Lynette’s sigh was wispy. “Well, for heaven’s sake. Yes, I’ll get her. Hold on.” The receiver was plunked down and Drew waited.
A tense silence enveloped the inside of the Hummer, the big motor idling softly.
For a moment, he thought Mackenzie wouldn’t talk to him. But then a girl’s voice carried over the line. “Hello?”
“Mackenzie, it’s Drew.”
“I know. Aunt Lynette said.”
Drew’s pulse quickened into sharp beats. He hadn’t spoken to her in four months, had been waiting for the day she would call. Now that he had her attention, he found reason draining from his thought process. He had too much to say, and felt unable to round it up into something coherent.
Seventeen years was a long time for a girl not to have her real dad in her life. Drew couldn’t say the wrong things and mess up their relationship further.
A crazy mixture of hope and fear collided in his chest.
When he’d brought her to the February spring training game, she’d hardly said anything to him, so he’d taken her lead and hadn’t pushed. But now he felt like maybe she was ready to give them a chance—that maybe that was why she’d called. Only he didn’t know how to talk to her, what to say without making her retreat.
Sitting stiffly, Drew forced himself to speak slowly. “How did your graduation go, sugar?” The Southern endearment slipped out and sluiced across his tongue like honey. He instantly regretted his use of it on his daughter. He’d spoken the word casually for years. He sensed Mackenzie knew where it came from.
“Good.” The monosyllable word hovered.
“I wish I could have been there.” But he and Lynette had talked about it and decided Mackenzie wouldn’t have wanted him to come. He hadn’t wanted to ruin that milestone for her. He’d done enough damage already.
Mackenzie needed time to get used to his acceptance of her, even though it had been two years since he’d apologized to her and to Caroline. He hadn’t gone into details as to why he’d behaved the way he had so many years ago. Once he gained her trust, he could tell her what had happened.
The scars of truth ran deep, were thick. Drew never discussed it with anyone. Only Jacquie.
The line was quiet. He could hear his daughter’s soft breathing, almost smell the way her skin was perfumed with that fruity spray she wore. He’d never once given her a hug. Never told her to her face that he loved her. She wouldn’t believe him if he did, and if he touched her, she’d bolt. Not even at Caroline’s funeral had he come close enough to make her feel threatened. He’d waited. He would bide his time.
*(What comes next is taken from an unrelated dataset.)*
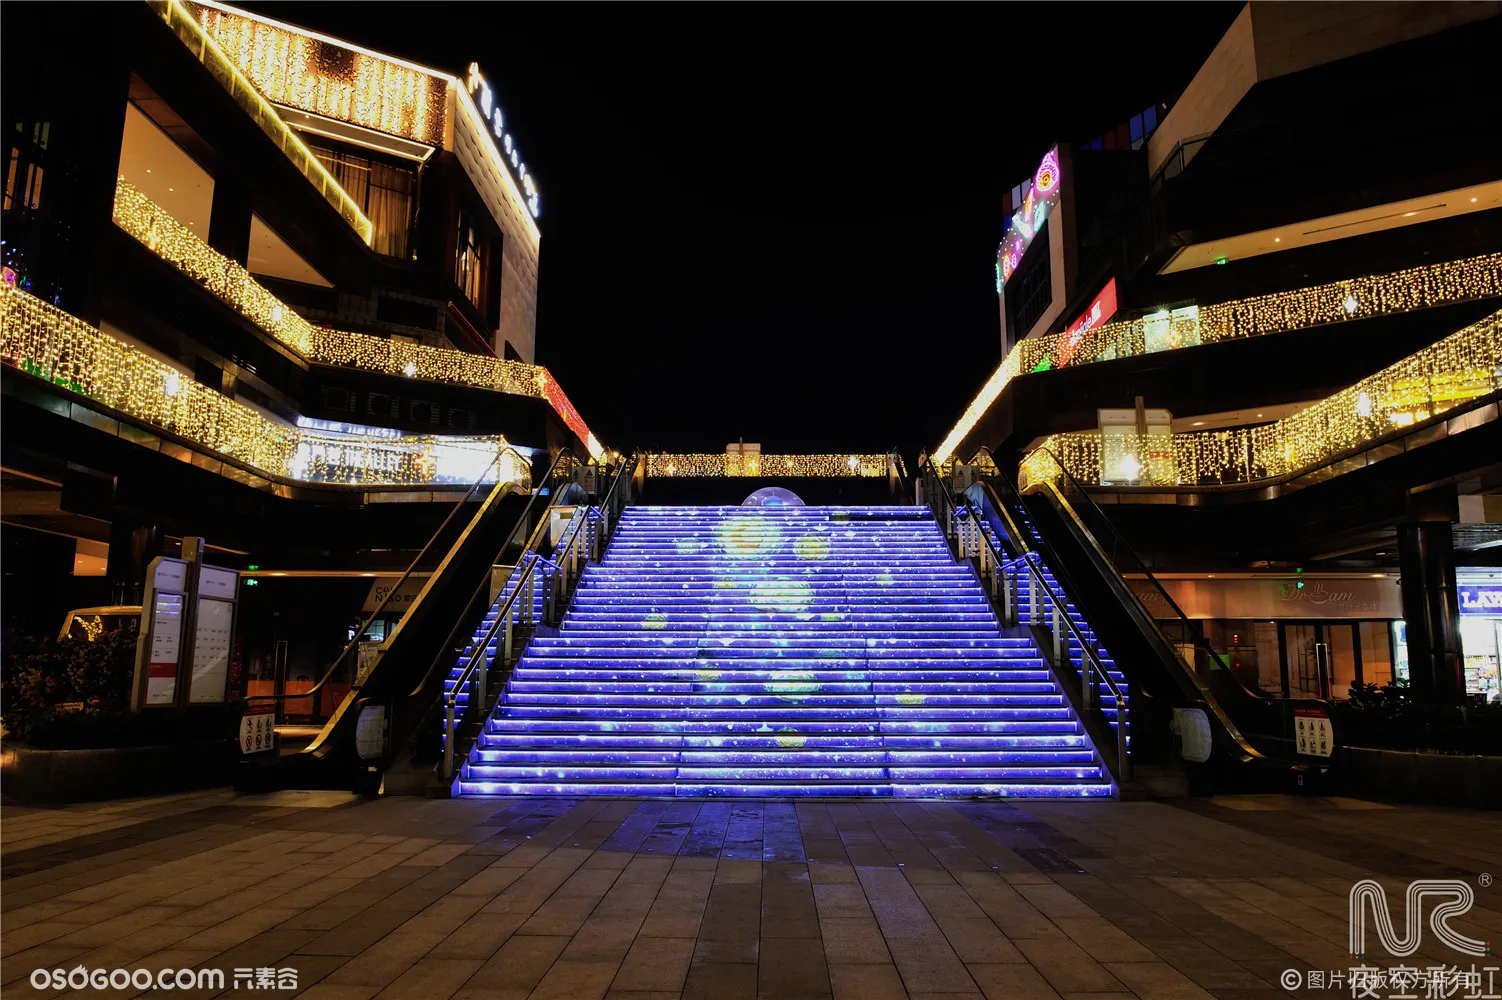 夜空彩虹案例分享——星空下的精灵-重庆华侨城
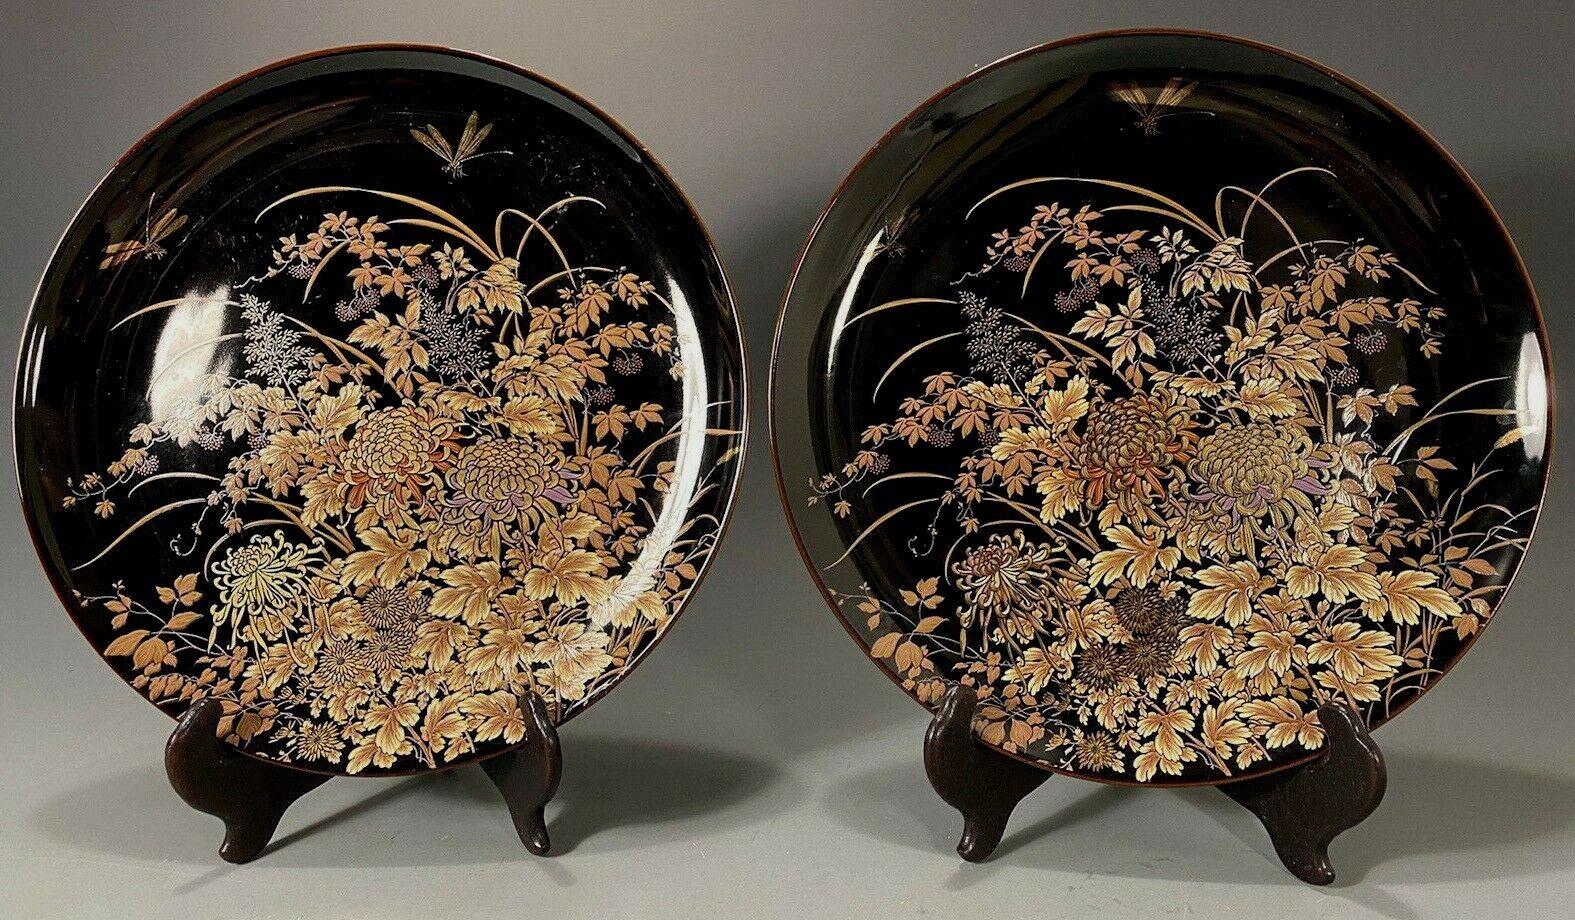 Pair of Shibata Japan Black Porcelain Plate w/ Dragonflies Flower Decoration

“I called…” she said, stopping herself as if to lick her lips or to think about what she wanted to say “…to thank you for the diary.”
Relief hit Drew, warming his muscles, relaxing him. He’d guessed right. He knew Caroline wrote stuff down and he took a chance that Mackenzie would be like her mother.
“You’re welcome.”
“My old one was getting full.”
Damn him, but he needed the reassurances, no matter how nonpersonal, so he asked, “So you like the new one?”
“I do.”
But once more, a cold static carried from Florida to Idaho. The only sounds were the soft rasps of breathing.
Drew couldn’t stand it. He had a resolve of steel, but when it came to Mackenzie, he wanted nothing more than to have the chance of being her father. “Mackenzie, have you thought any more about coming to stay with me for the summer?”
He tensed. Waited. Long minutes.
“I don’t know.”
It was the first time she hadn’t flat out said hell no. Drew went on quickly. “You’d have your own room and I’d show you around town. There’s lots to do. We could go out on my boat and I have four-wheelers at my cabin. You’d like it.”
Silence. Then she murmured, “I don’t know.”